Euro Pressure as Crisis Approaches

Crisis - the turning point of a disease when an important change takes place, indicating either recovery or death

Social mood peaked in the year 2000 and has been falling ever since. The breakdown of the EU, euro and global trade is predicted by Socionomic theory assuming the fall in social mood reaches extreme levels. The seeds of the unwinding have been sprouting for more than a decade as nationalism rises. The political leadership across much of the West has implemented policies that only exacerbate the trend towards nationalism.

While the breakup moment may still be a couple years away, events are picking up speed as protectionist and nationalist sentiment across Europe and the United States creates more problems for a global system that doesn't make accommodation for it.

The latest burst of conflict began with the fine of Apple.

Guardian: Apple ordered to pay €13bn after EU rules Ireland broke state aid laws

The Department of Justice retaliated.

Fortune: Deutsche Bank Says DoJ Wants It to Pay $14 Billion to Settle Mortgages Case

Either the Obama Administration is staffed with total morons or they are intentionally looking for a target to pin a global financial crisis on. Because Deutsche Bank is the weakest firm in the global financial system at the moment, and the DoJ hit it with a fine that could push it over the edge.

More EU fines are likely, which could invite more retaliation: Apple Is Just the Beginning of Europe’s New War on U.S. Business
But this battle extends far beyond Apple. At stake is what happens to about $2 trillion that U.S. companies are estimated to have stashed abroad, out of reach of the U.S.’s 35% corporate tax. With governments vowing to crack down on tax havens, the scramble to decide where such levies might go has begun, and several EU countries, including France, Italy, and Germany, believe Apple owes them, too, a slice of those revenues.
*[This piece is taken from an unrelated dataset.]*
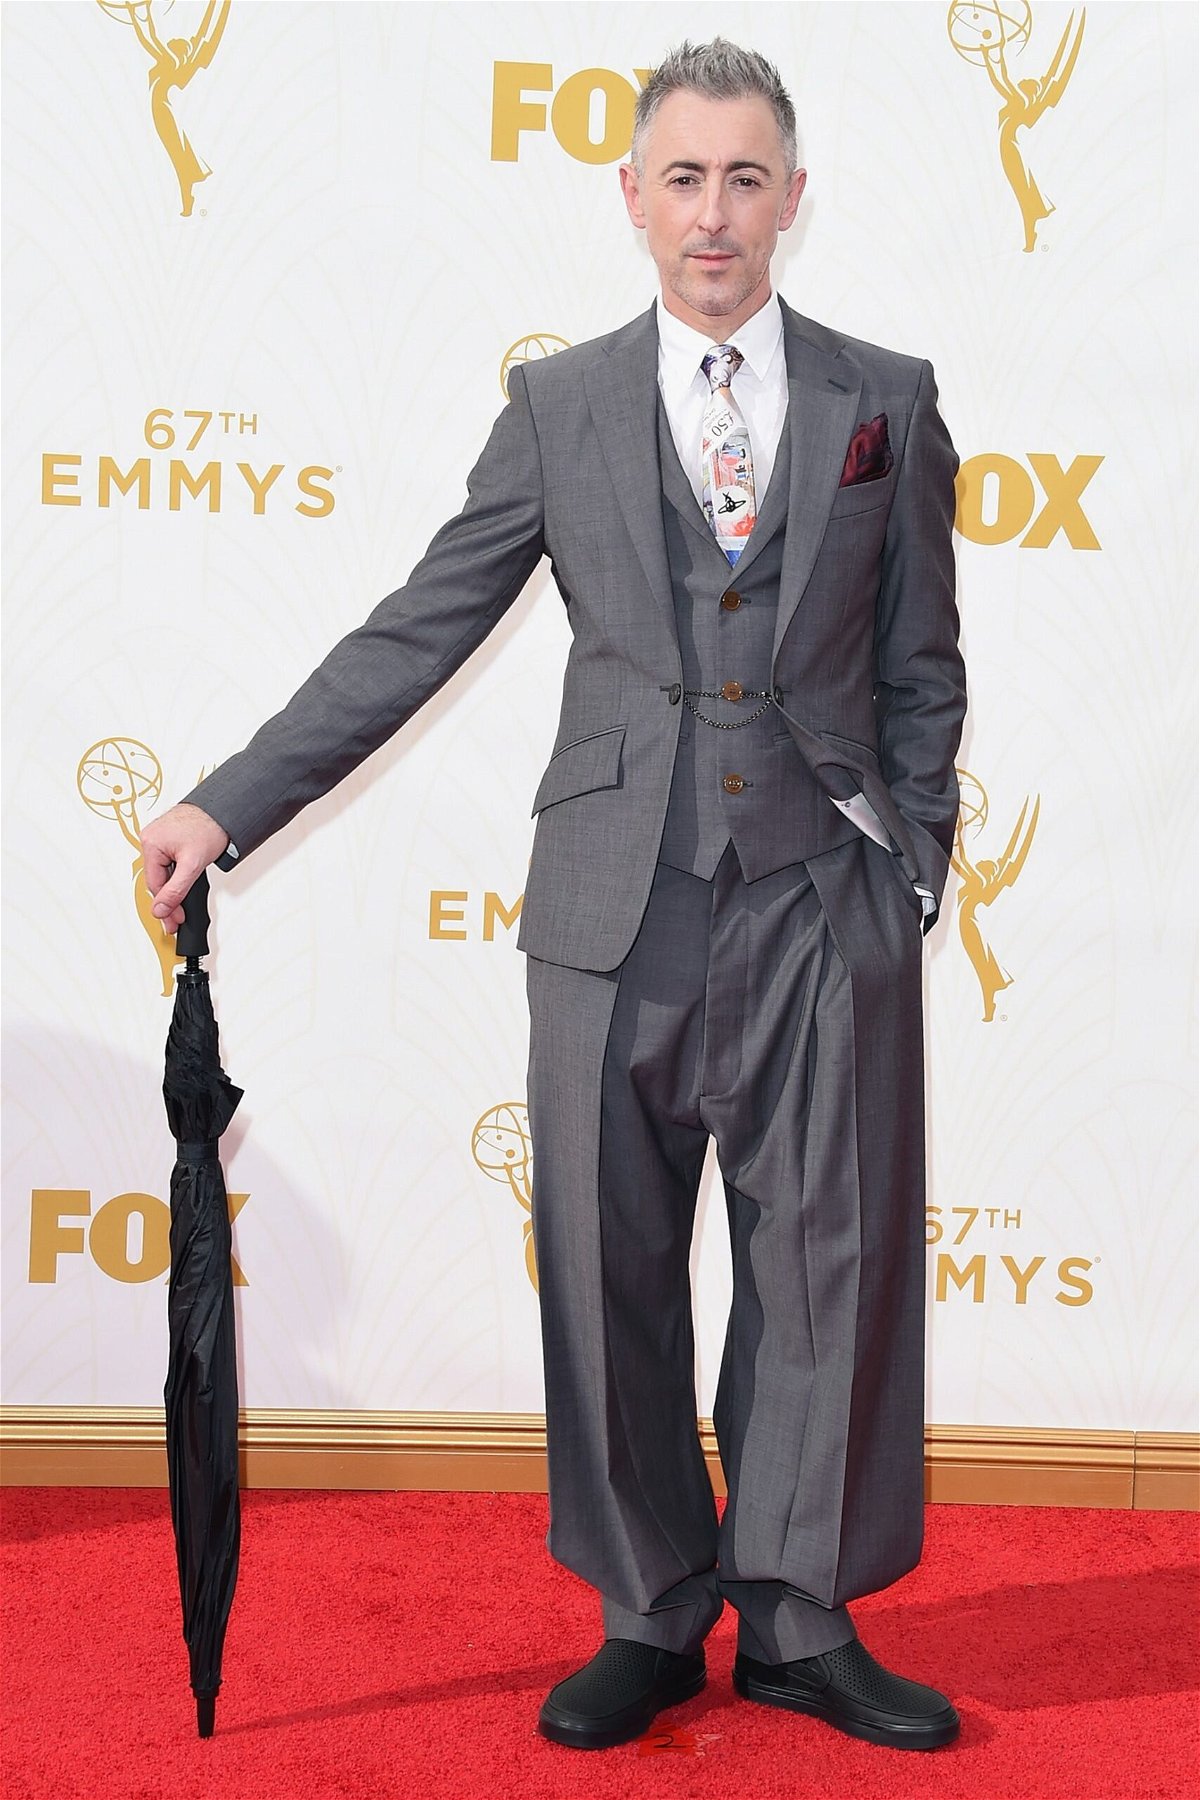 <i>Jason Merritt/Getty Images via CNN Newsource</i><br/>Alan Cumming attends the 67th Primetime Emmy Awards in a Vivienne Westwood suit and black Crocs.

No matter how the fight plays out, Apple’s fine may signal the end of decades of U.S. companies quietly cutting sweetheart tax deals with smaller EU countries. For years the arrangement suited both sides, with cash-strapped governments scheming to create jobs, and U.S. companies eager to boost profits. “For so long the attitude has been, ‘Whatever our lawyers can get away with is okay,’ ” says Markus Meinzer, director of the London-based Tax Justice Network. That’s no longer likely to be the case, he says, calling the ruling “historic and tide turning.”
Also the EU wants Google to stop anti-competitive Android practices, fine expected
The document, running to more than 150 pages, was sent to complainants last week for feedback. Google received a copy in April in which the European Commission accused it of using its dominant Android mobile operating system to shut out rivals.

The EU competition enforcer in its charge sheet, known as a statement of objections, said it planned to tell the U.S. technology giant to halt payments or discounts to mobile phone manufacturers in return for pre-installing Google's Play Store with Google Search.
If the U.S. is retaliating against Deutsche Bank, the current tit-for-tat cycle points to more of it.

Back to Deutsche Bank. The Germans and other hard-money countries pushed Greece to the wall. They passed new bail-in rules that force shareholders and creditors (which includes depositors) to take losses when a bank fails, Cyprus being the first major case. Recently, Germany also nixed Italian plans for a bailout of Italian banks.

German media this weekend said Germany cannot break the rules it created and enforced: Germany's Merkel cannot afford to bail out Deutsche Bank
"Of course Chancellor Merkel doesn't want to give Deutsche Bank any state aid," it wrote in a front-page editorial. "She cannot afford it from the point of view of foreign policy because Berlin is taking a hard line in the Italian bank rescue."

The Munich-based Sueddeutsche Zeitung wrote that Merkel would be breaking a promise to taxpayers if she were to bail the bank out, which could spell disaster for her re-election bid next year as the anti-immigration AfD party gains ground.

The AfD is already benefiting from a backlash against Merkel's open-door refugee policy, making huge gains in two regional elections last month and hitting an all-time high of 16 percent support in an opinion poll last week.

"A state aid package would drive voters into the arms of the AfD," the Sueddeutsche wrote in an editorial.

"Domestic political considerations make it unlikely that Berlin would play this joker. Even more unlikely is that the European Commission would agree. The political risk would be simply too high."
Ex-Deutsche Bank Executives Among 13 Charged in Paschi Probe
Six current and former managers of Deutsche Bank AG -- including ex-asset and wealth management head Michele Faissola -- along with former executives at Nomura Holdings Inc. and Banca Monte dei Paschi di Siena SpA were charged in Milan for colluding to falsify the accounts of Italy’s third-biggest bank and manipulate the market.

A judge in Milan approved a request by prosecutors to try 13 bankers on charges over separate derivative transactions Paschi arranged with the securities firms, said a lawyer involved in the case, who attended the closed-door hearing Saturday, where the decision was announced.
Unless there's a way out of the situation, Deutsche Bank will either impose an economic cost on the euro, or a political one. The dollar bull market may be about to resume.